I cain't think of a better way to celebrate than to blend up a whoppin' batch o' Santa's Christmas Nog and watch ever'one sip away 'til they's happy as a lark. An' you cain't miss 'em--no sir--you'll see 'em smilin' from ear ta ear after a couple sips.

Nice thing is y'all don't have ta work very hard ta make folks feel the holiday spirit--an' whether y'all serve it up with a tad o' brandy or not, a l'il ole cup o' nog is a mighty nice way to toast with holiday cheer. Folks can git mighty happy on this nog, mind you, and start toastin' all sorts o' things--Aunt Susie's chocolate brownies, yer Dad's new car, an' even babies that ain't been born yet.

But it don't matter a hoot--long as ever'one's having a mighty fine time. Now I want ta wish ever'one a wonderful season o' holiday happiness any which way y'all celebrate.

An' I do hopes y'all enjoy the holidays with a l'il ole cup o' this fine-tastin' nog. Raise a cup fer me, too, darlin's an' I'll do the same.

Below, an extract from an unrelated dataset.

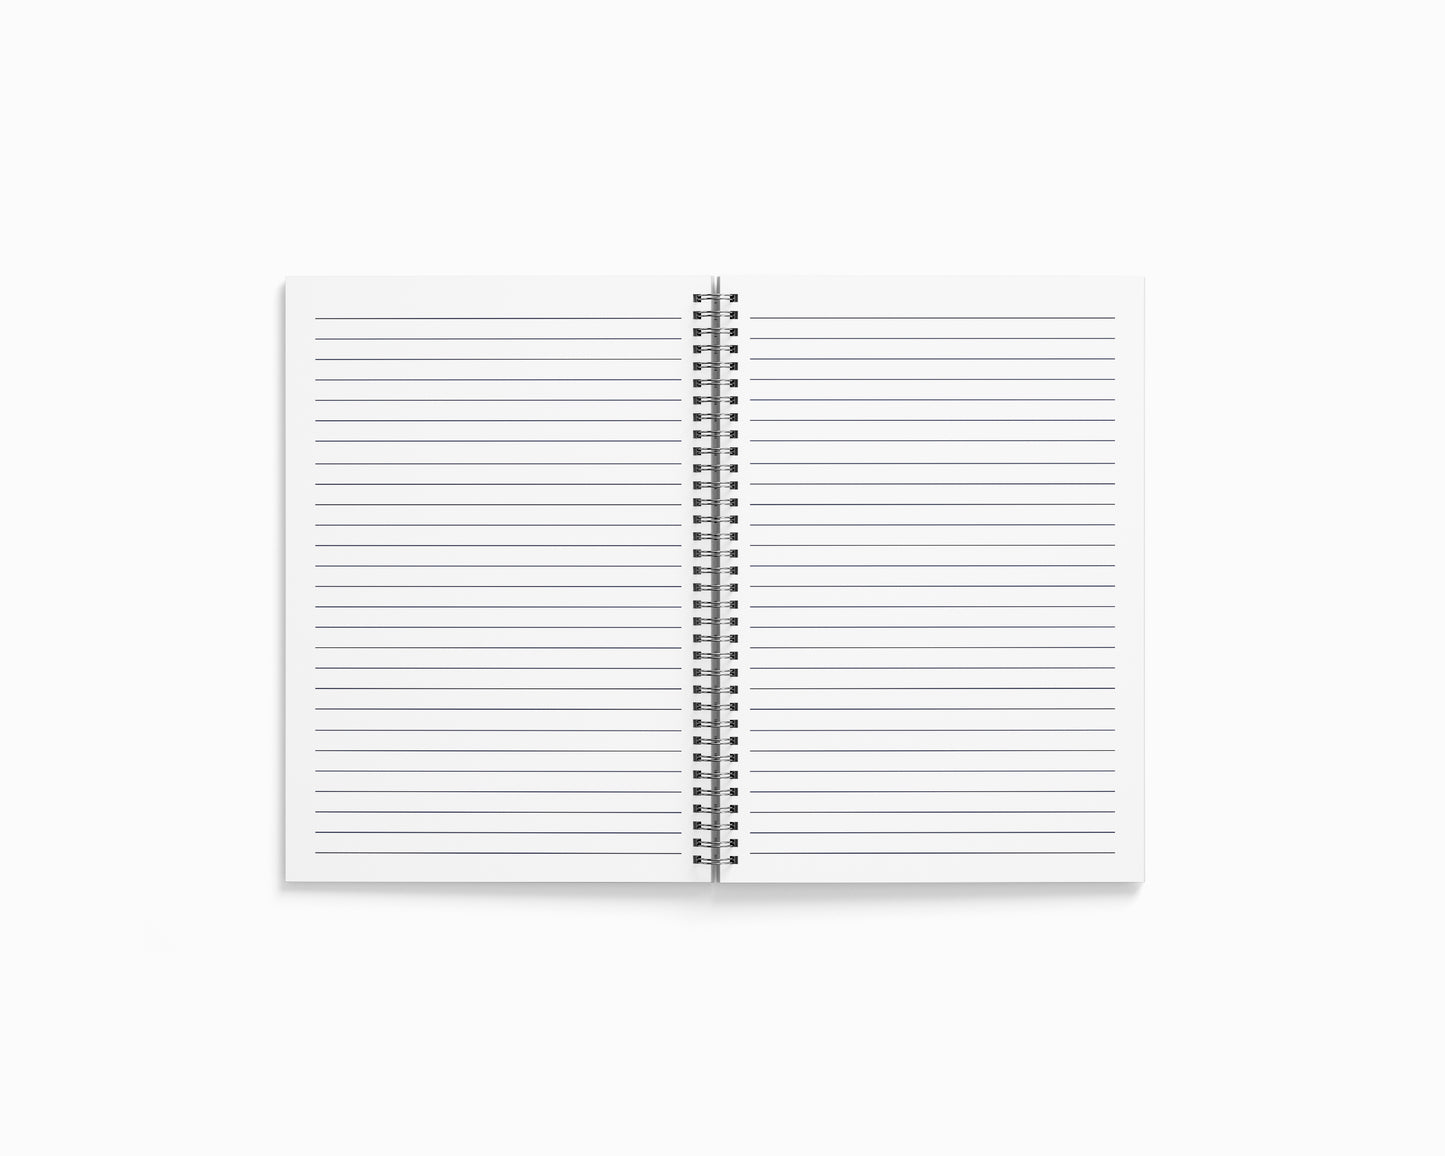 Abiramam Notebook (A5 Size, 100 Pages, Ruled)
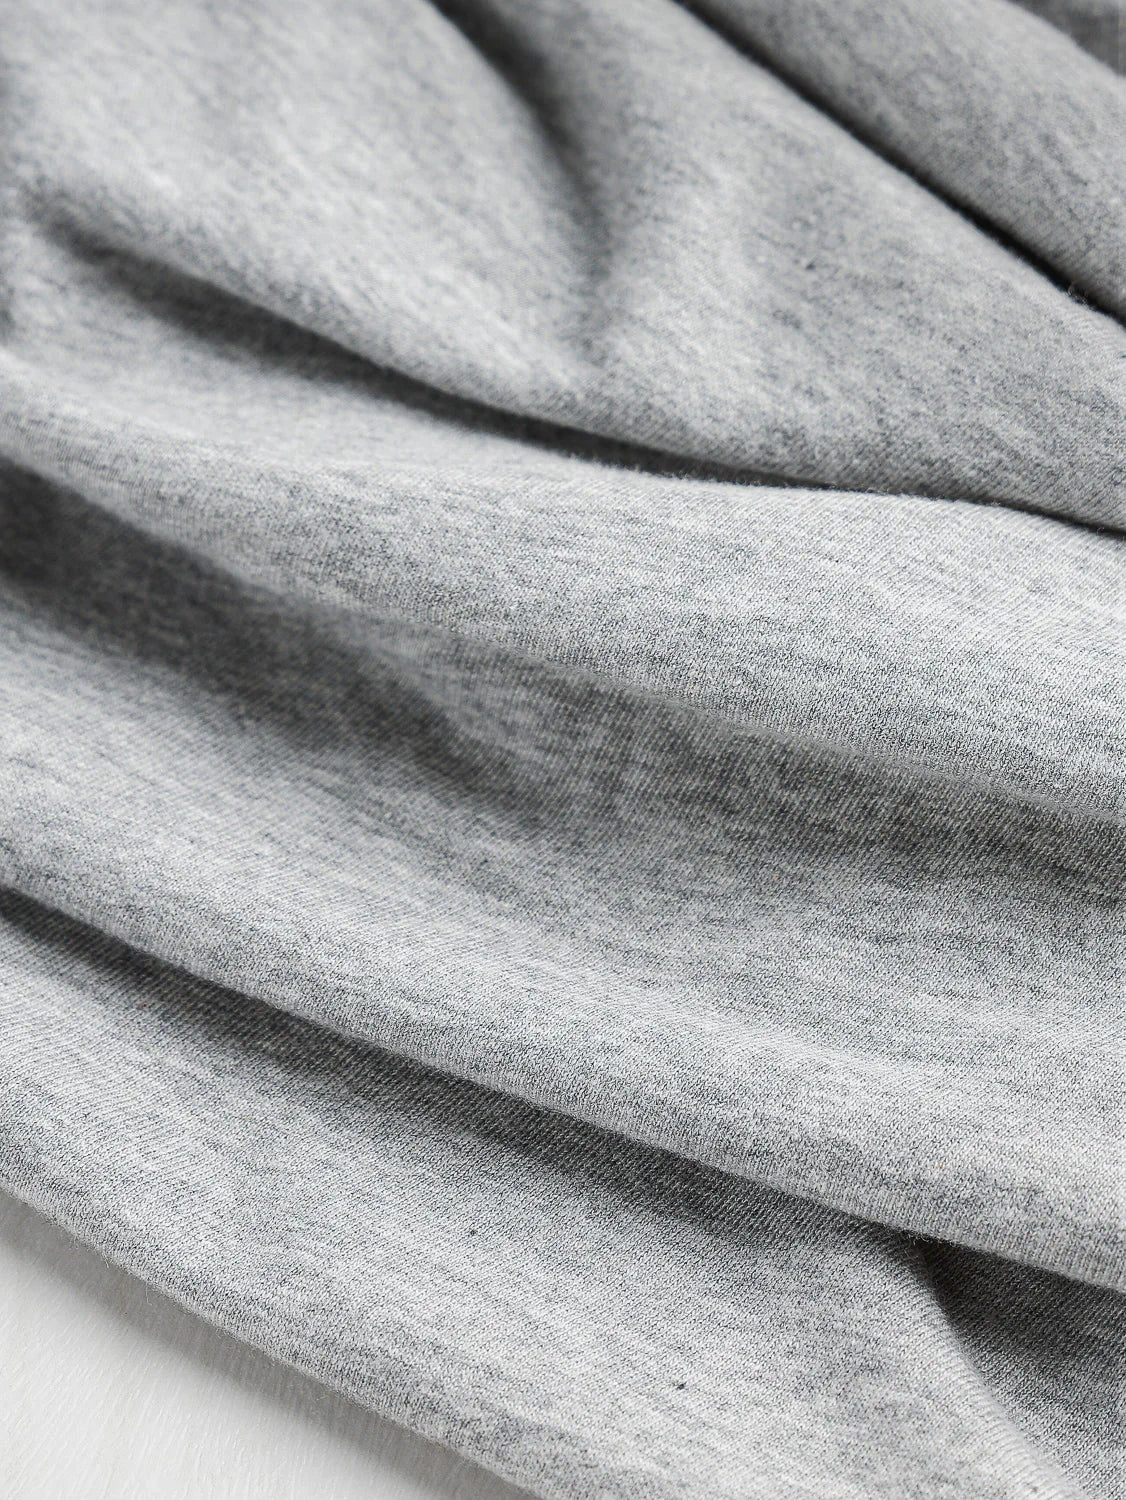 up close materiel of the grey off the shoulder long sleeve top

Yer ever lovin' Aunt Nettie


Spirited holiday gatherings beg for celebratory nog with a spicy personality that measures up to the spirit of the season. The quantity of brandy in this nog is a gentle starting point. I often serve a tiny pitcher of extra brandy and set it beside the pitcher of nog so guests can crank up the holiday spirit a notch or two if they choose. You can also serve this tasty nog without the brandy and still enjoy a delightful, welcoming, and well-spiced festive beverage.

Christmas Nog

SANTA'S CHRISTMAS NOG

Yield: 6 (6-ounce/169g) servings

    2 cups (480 ml) vanilla soymilk
    1 cup (240 ml) cashews or almonds

    3/4 cup (180 ml) maple syrup
    1/2 cup (120 ml) apple juice
    1/4 cup (60 ml) brandy (optional)
    1 teaspoon vanilla extract
    1 teaspoon ground cinnamon

    1/2 teaspoon ground nutmeg, plus more for garnish
    1/2 teaspoon ground allspice
    1/4 teaspoon plus 1/8 teaspoon ground cloves

    Fresh mint sprigs, for garnish

    1/4 to 1/2 teaspoon xanthan gum or guar gum, if needed to thicken the nog

  1. Put 1 cup (240 ml) of the soymilk and the cashews in the blender. Process on high speed for 1 full minute, or until smooth and creamy.
  2. Add the remaining 1 cup (240 ml) of soymilk, maple syrup, apple juice, brandy (if using), vanilla extract, cinnamon, nutmeg, allspice, and cloves and process until thick and creamy, stopping occasionally to scrape down the blender jar. If the nog is too thin, add the xanthan gum and process for a full minute. If you have a high-speed blender, you can blend all the ingredients at once.
  3. To serve, pour the nog into glasses, sprinkle each with a pinch of nutmeg, and add a small sprig of mint.
  4. If preparing in advance, pour the nog into a 1 1/2-quart pitcher and refrigerate. Garnish just before serving.

Note: The nog will thicken slightly and tends to separate when refrigerated. Refresh with a brief whirl in the blender or whisk vigorously just before serving. If desired, put a cinnamon stick into each cup.



If You Haven't Met Aunt Nettie. . .


Our Aunt Nettie has a head like a hard disk. It's filled with megabytes of information about food and cooking. And she's just itchin' to share her learnin' with city folk who live in mortal fear of the stovetop.

Aunt Nettie grew up on the farm. She did not eat out of a can or reach into the freezer. There was no microwave to pop her food into. Everything she made was from scratch. All the food she ate was natural, without pesticides. It was grown right there on the family farm, and she had to cook to survive. At eighty-three years young she still leaps and bounds around the kitchen and can shake, rattle, and roll those pots and pans with the best of them.

Nowadays, Aunt Nettie just shakes her head and complains, "Nobody cooks anymore. They have no idea about puttin' a meal together." She's on a mission. She wants to help those younguns eat better so they can grow up healthy like her own eight kids.